Our political forces us to be divided
An important question raised by Brexit and the US Elections is whether our current practice of democracy is delivering governance that meets the needs of the people. But what is democracy?
In practice, democracy often just means people vote and the majority wins. As an ideal, democracy means governance is according to the will of the people. But majority-rule and the ‘will of the people’ can mean very different and sometimes contradictory things. Why? Majority rule by definition means that the needs of the minority will be ignored.
The word ‘democracy’ comes from the Greek words ‘demos’ (people) and ‘kratia’ (power). People power. The people rule. This is the idea that ‘the people’ should be free. Free from oppression of the elites. Free to rule themselves. Because people know what they need. This may sound obvious, but it was quite the revolution after the emergence of city states beckoned top-down elite leadership in order to maintain efficient order in increasingly complex societies. In this context, the pursuit of people power has been by and large implemented using the simplest model: vote – majority rules. The goal has been to find an agreeable way to disagree.

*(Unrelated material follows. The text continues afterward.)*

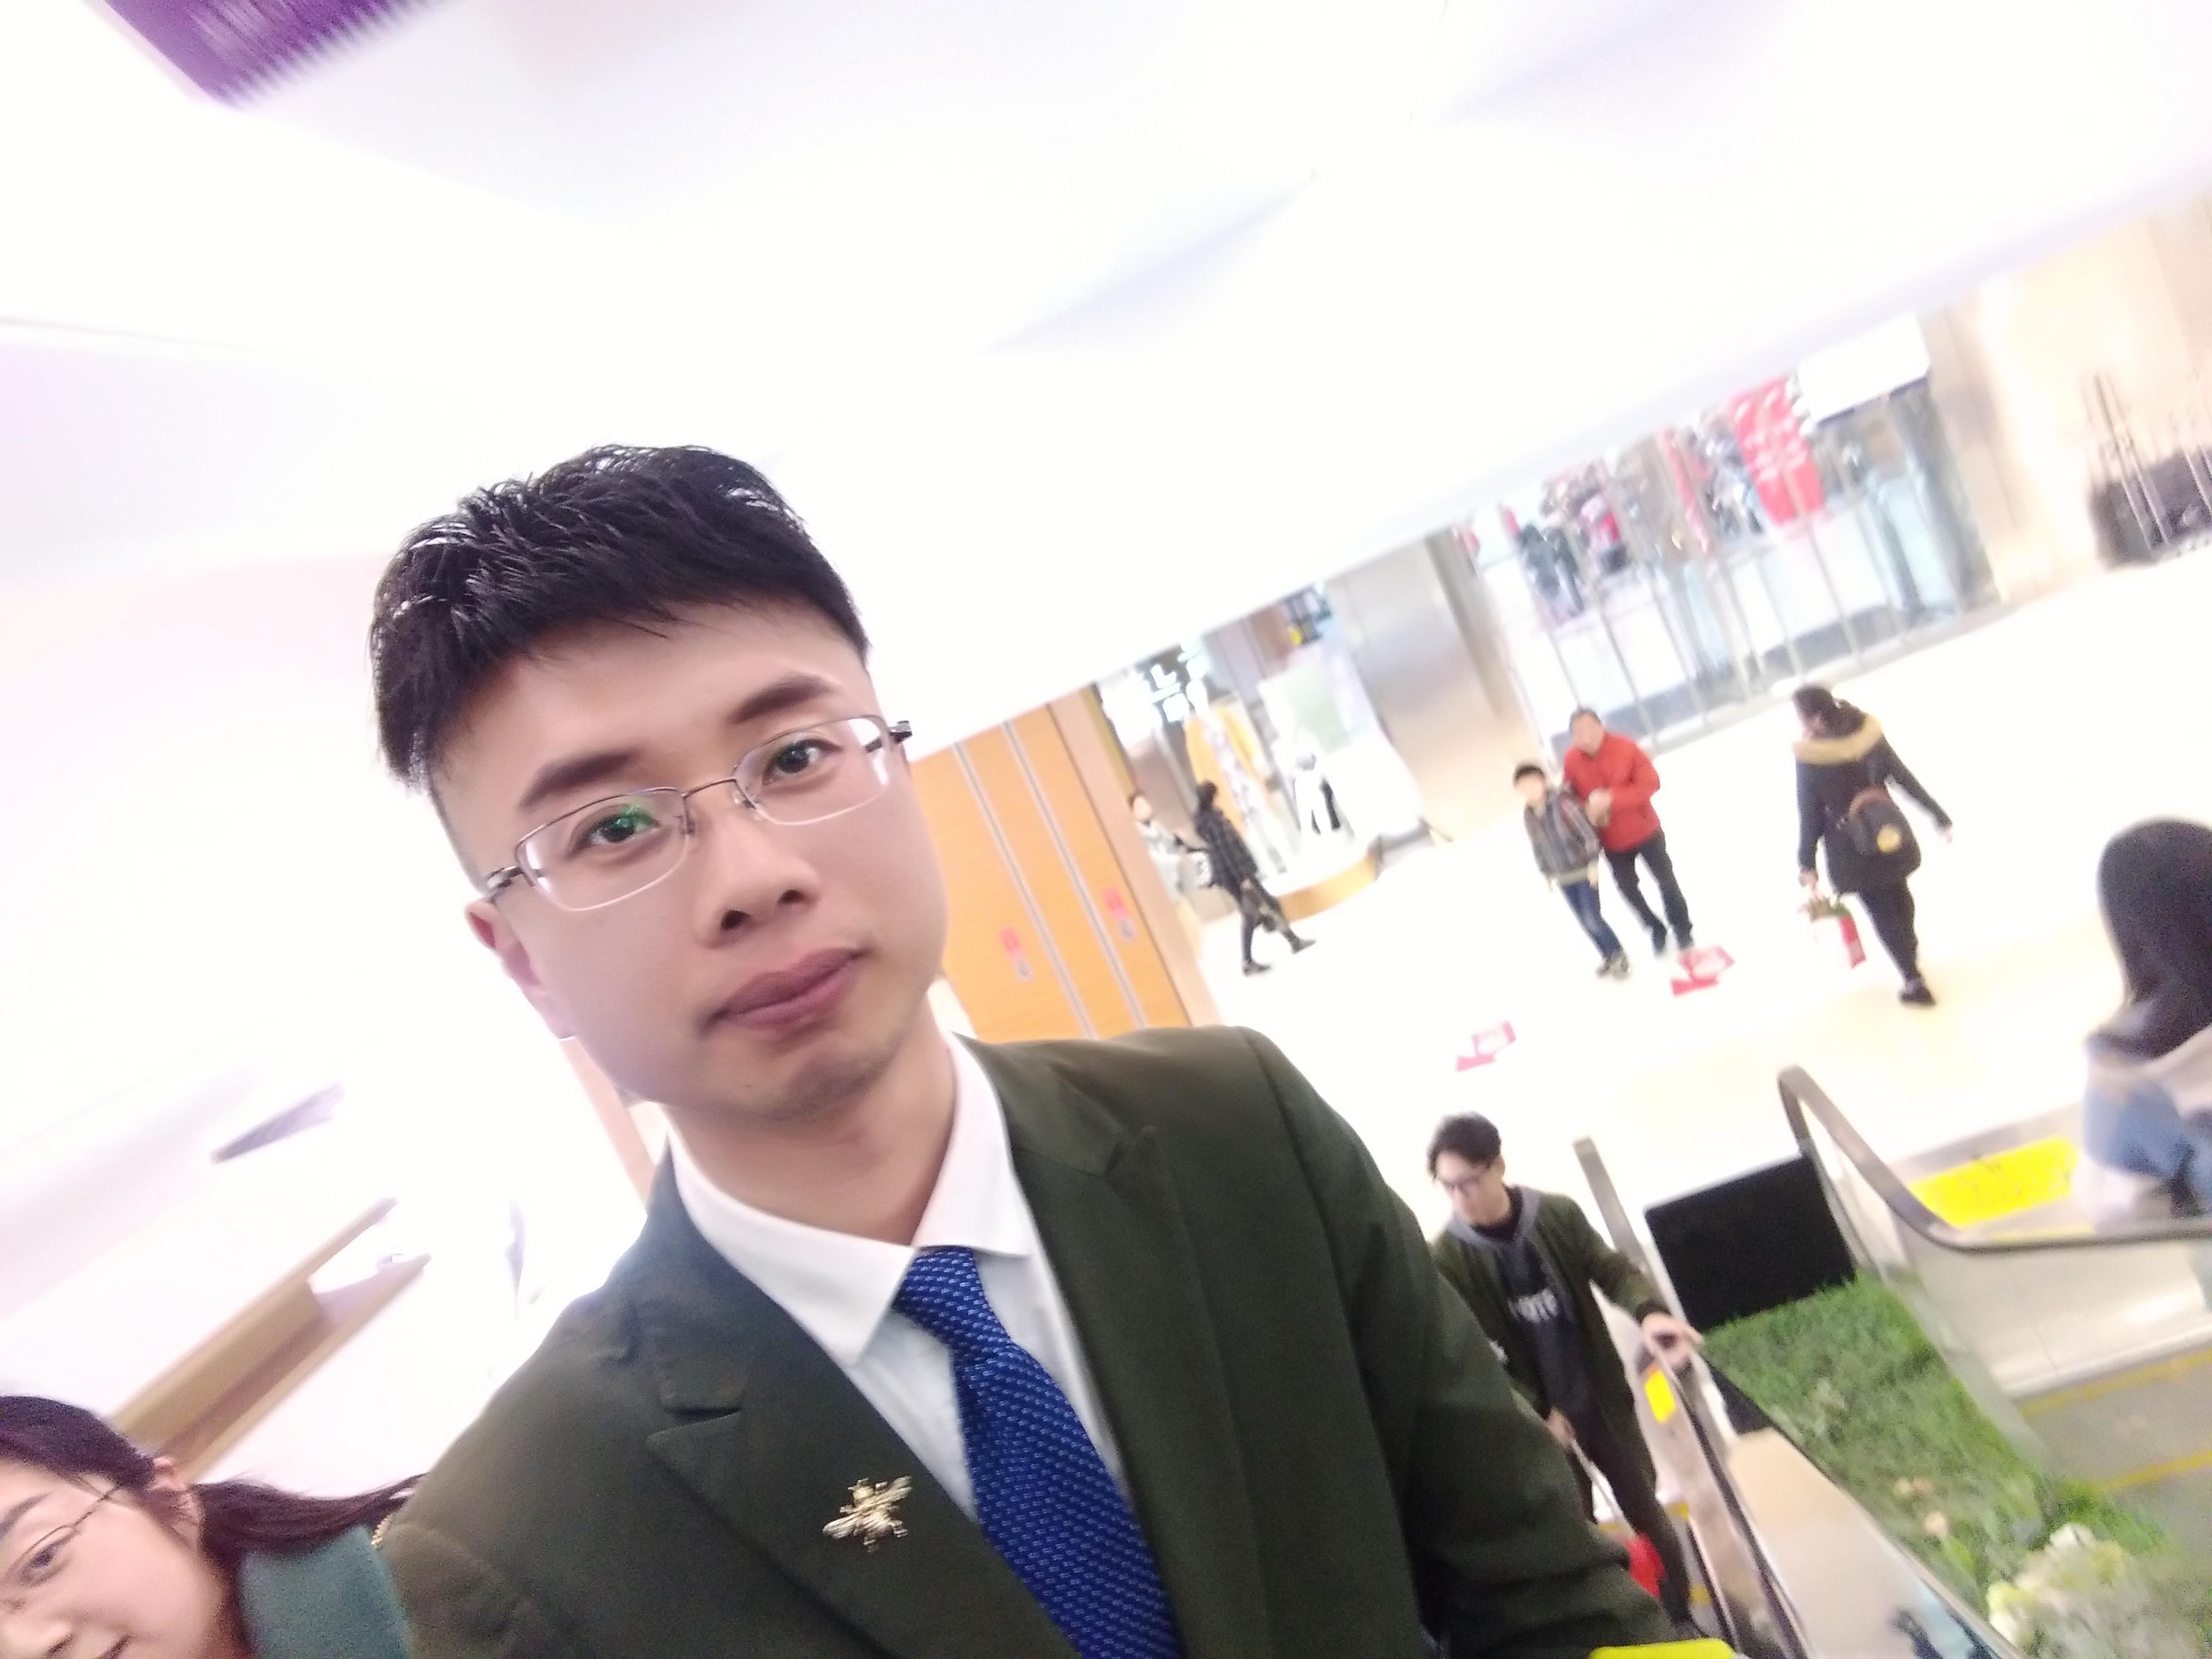 翩翩公子杨大侠,时尚才子文艺心:愿为诗一缕,浸润入君心

The problem with majority rule democracy is that it sets us up to fall back into the zero sum paradigm, and for the zero sum paradigm to be exploited and propagated by the elites. We have left ourselves wide open to inclinations of fear of the other; the competitive notion that if you win then I will lose. We are open to propaganda. To be made to feel malice, jealousy, fear. Even early philosophers like Socrates were convinced this would happen (https://youtu.be/fLJBzhcSWTk).
And this is what we witnessed with Brexit and the US elections. The spectacle of otherisation channeled through our current model of the majority-rule democratic medium, in ways that have left the world shuddering in the absence of empathy.

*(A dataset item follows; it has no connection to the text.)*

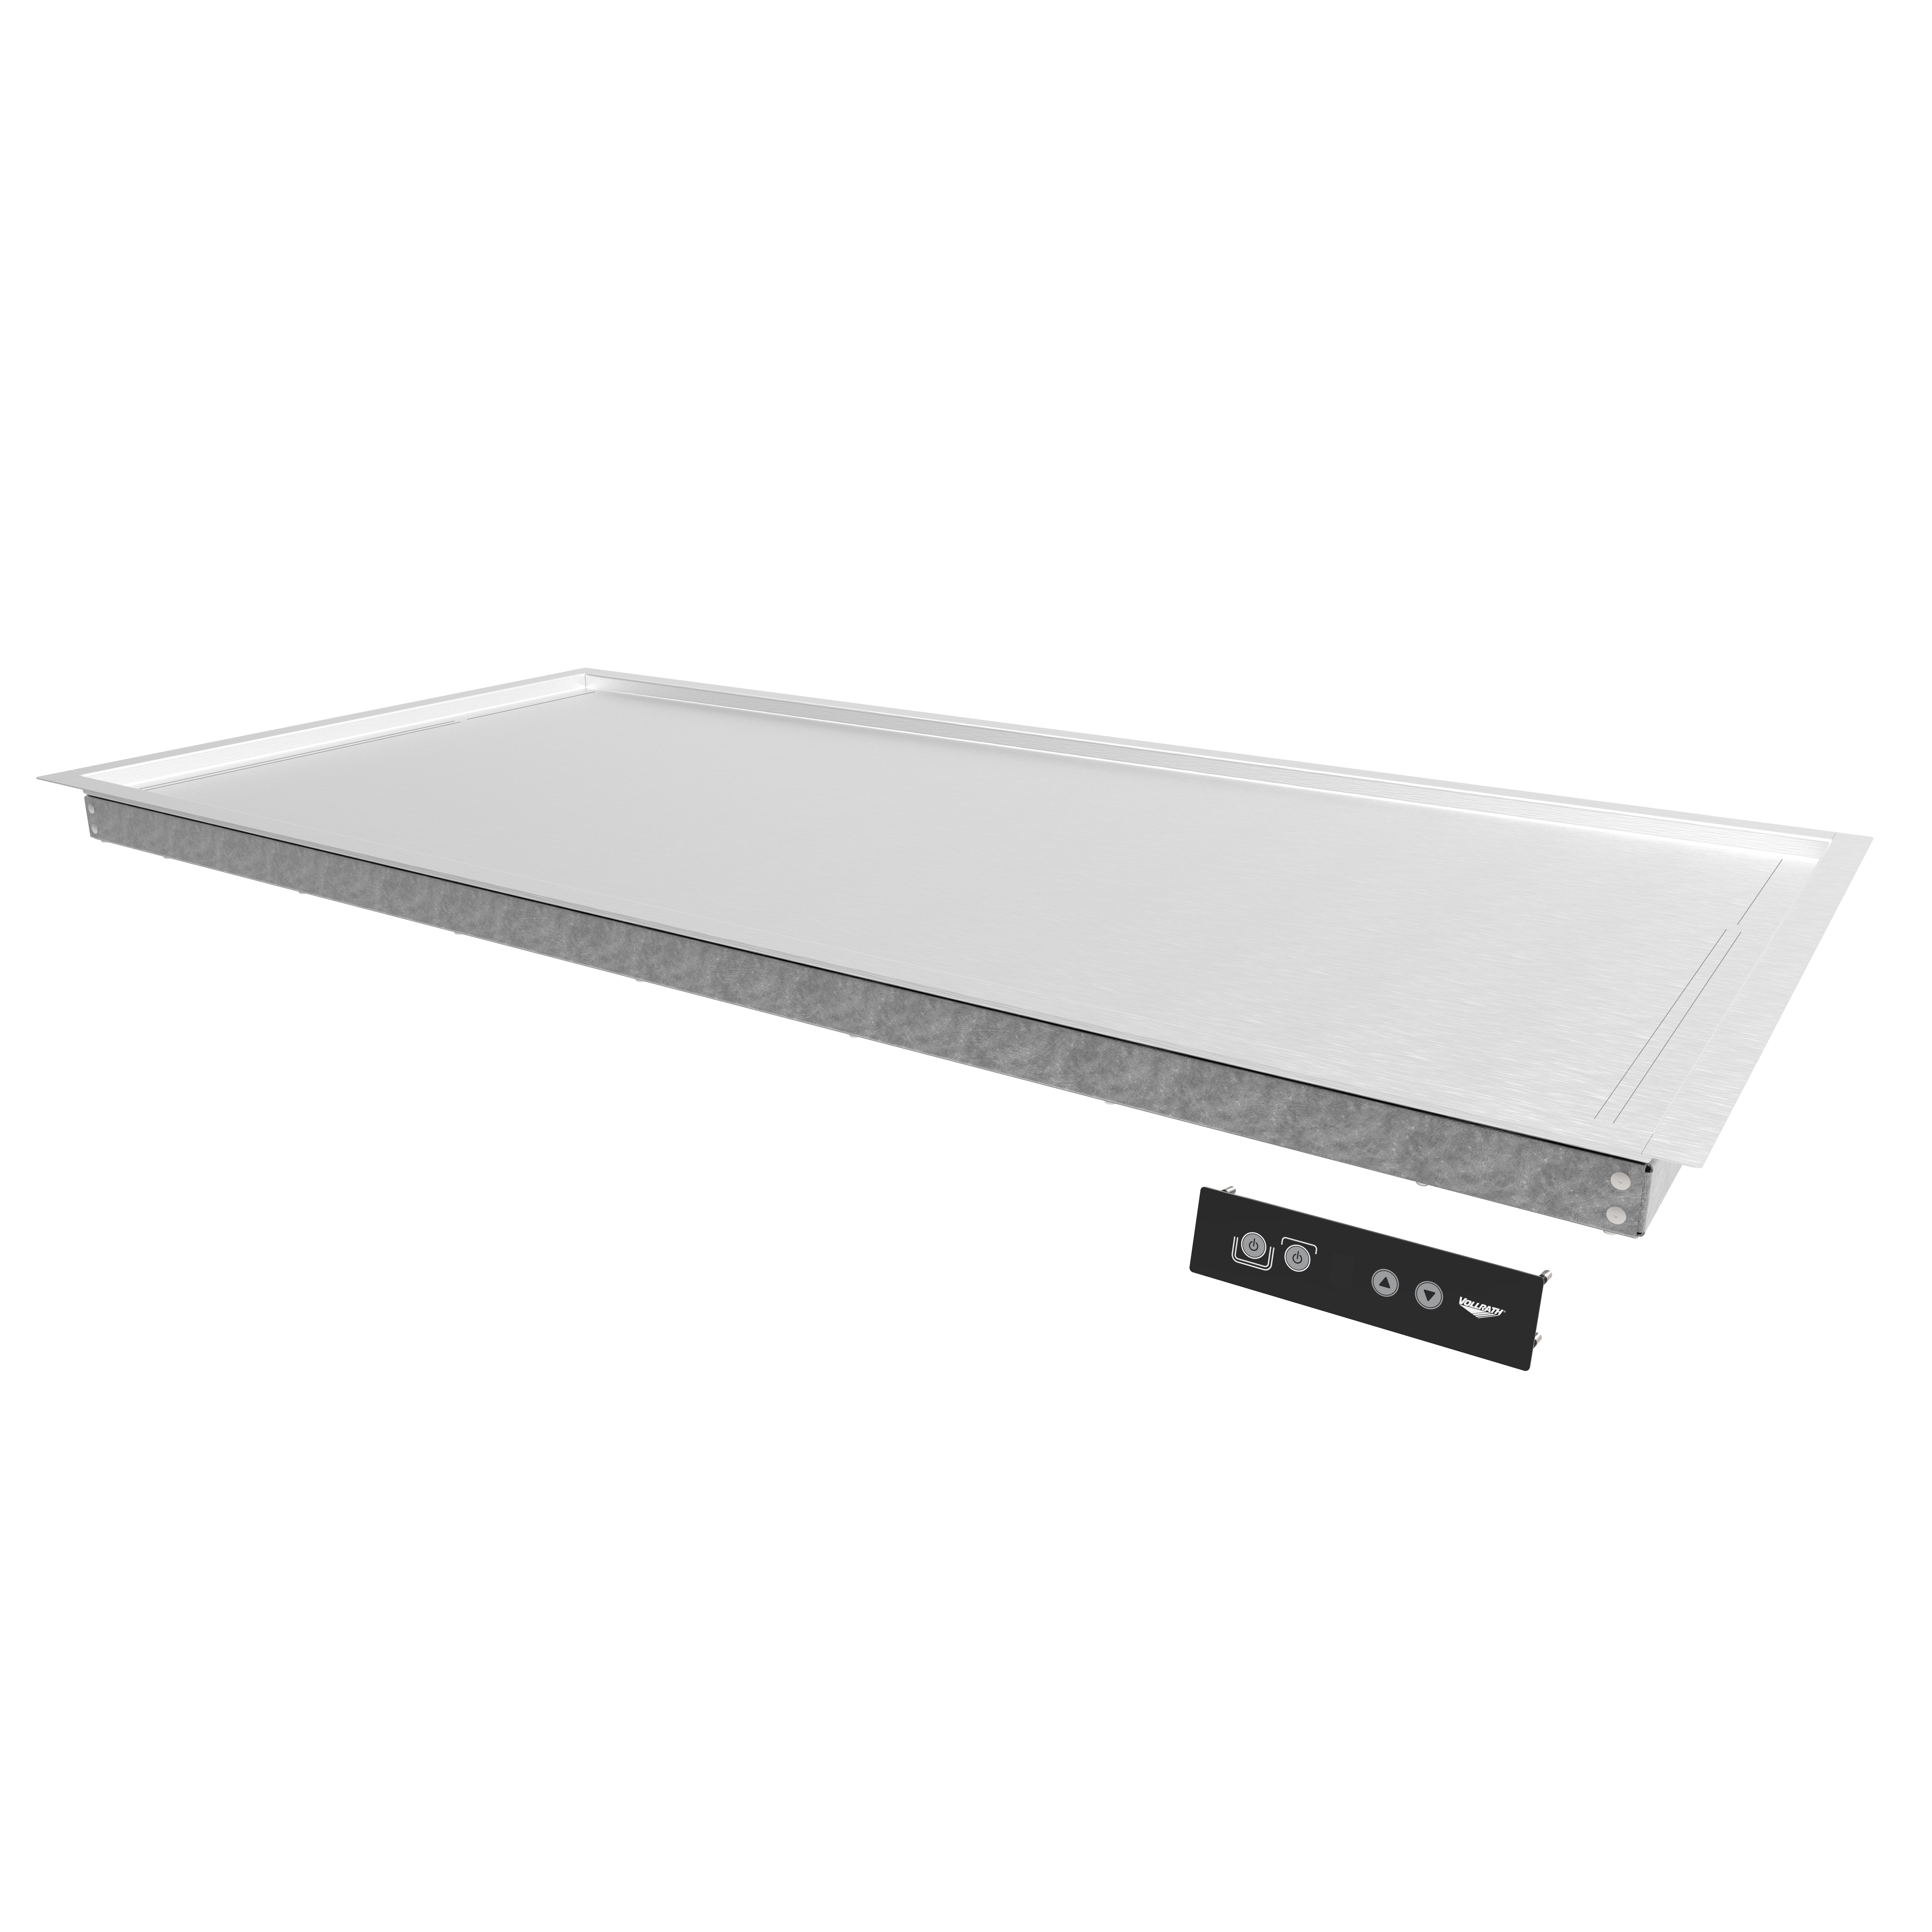 Vollrath FC-4HS-72120-SSR heated shelf food warmer

But we are acting as prisoners of our past, instead of standing on the shoulders of giants. Our collective cultural inheritance has become the subject of conspiracy, doubt and ideological fatigue, rather than the object of inspiration – a gift we have the unparalleled power to build upon today.
Democracy can only work if we constantly return to the drawing board to re-examine its meaning and how we practice it. We know that our current practice of ‘majority rule’ feeds oppositional discourse. At the same time we know that on the one hand brain is wired to be exploited by oppositional discourse, and on the other it has the capacity to rise above it.

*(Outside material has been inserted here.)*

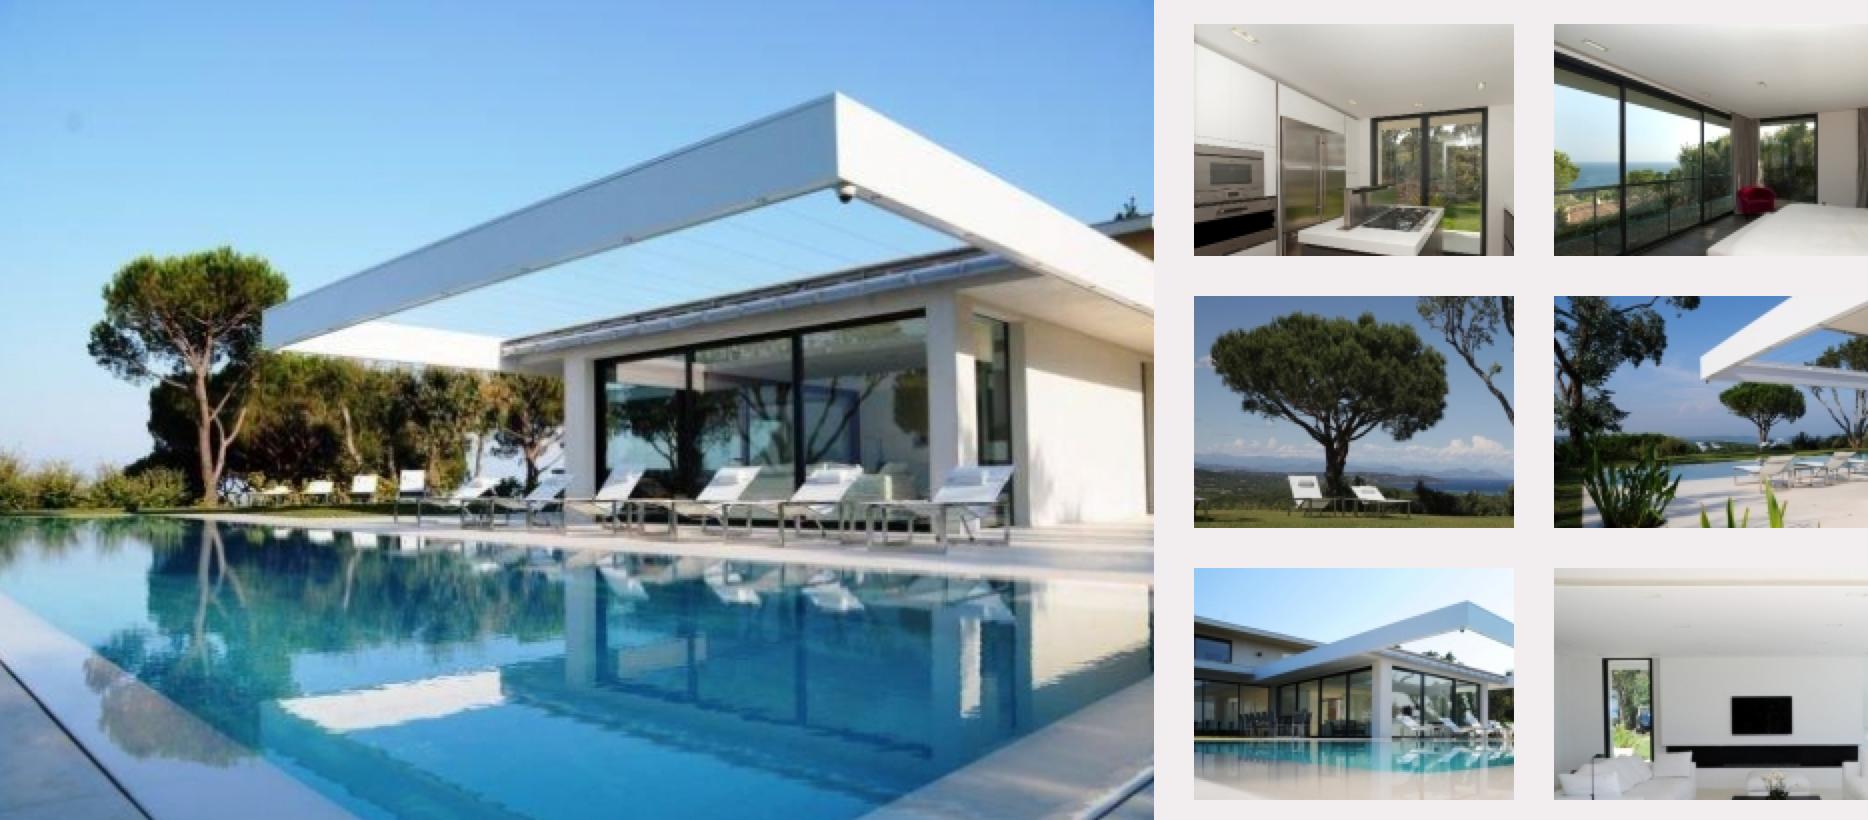 Immobilier Saint Tropez – Les plus belles villas à vendre en 2016

Could it be that our institutions of governance could be redesigned so that the cooperative part of our brains are more exercised in our political discourse, participation and decision making? Could rejigging our institutional framework of governance make us less susceptible to compromise and the exploitation of our limbic brain?
These are questions we should not be afraid of exploring. No system will be perfect. But one that is better than what we have today can be further improved tomorrow.
Whilst democracy can never happen without some kind of decision-making voting apparatus, it is possible for us to relegate those divisions to substance rather than identity. Here are some examples of what we could do.
a] Appoint the cabinet directly through elections: This would force political campaigns to focus on the substance of the candidates policy platform. Citizens may still end up very divided on certain issues, but it’s more likely there will be areas where any citizen has voted like another. Plus, elected cabinet members would be more accountable to their electoral commitments.
b] Use technology to enable citizen participation in policy development and implementation. We live in the age of the internet, so this is possible. Participating in developing and implementing solutions for the issues that really matter to us will make us more informed about the issues we are voting on, more aware of the complexities, and less susceptible to oppositional discourse. Also, given that relevant stakeholders will be involved in identifying the issues, political candidates will be in a much better position to base their policy platforms on meeting citizen needs.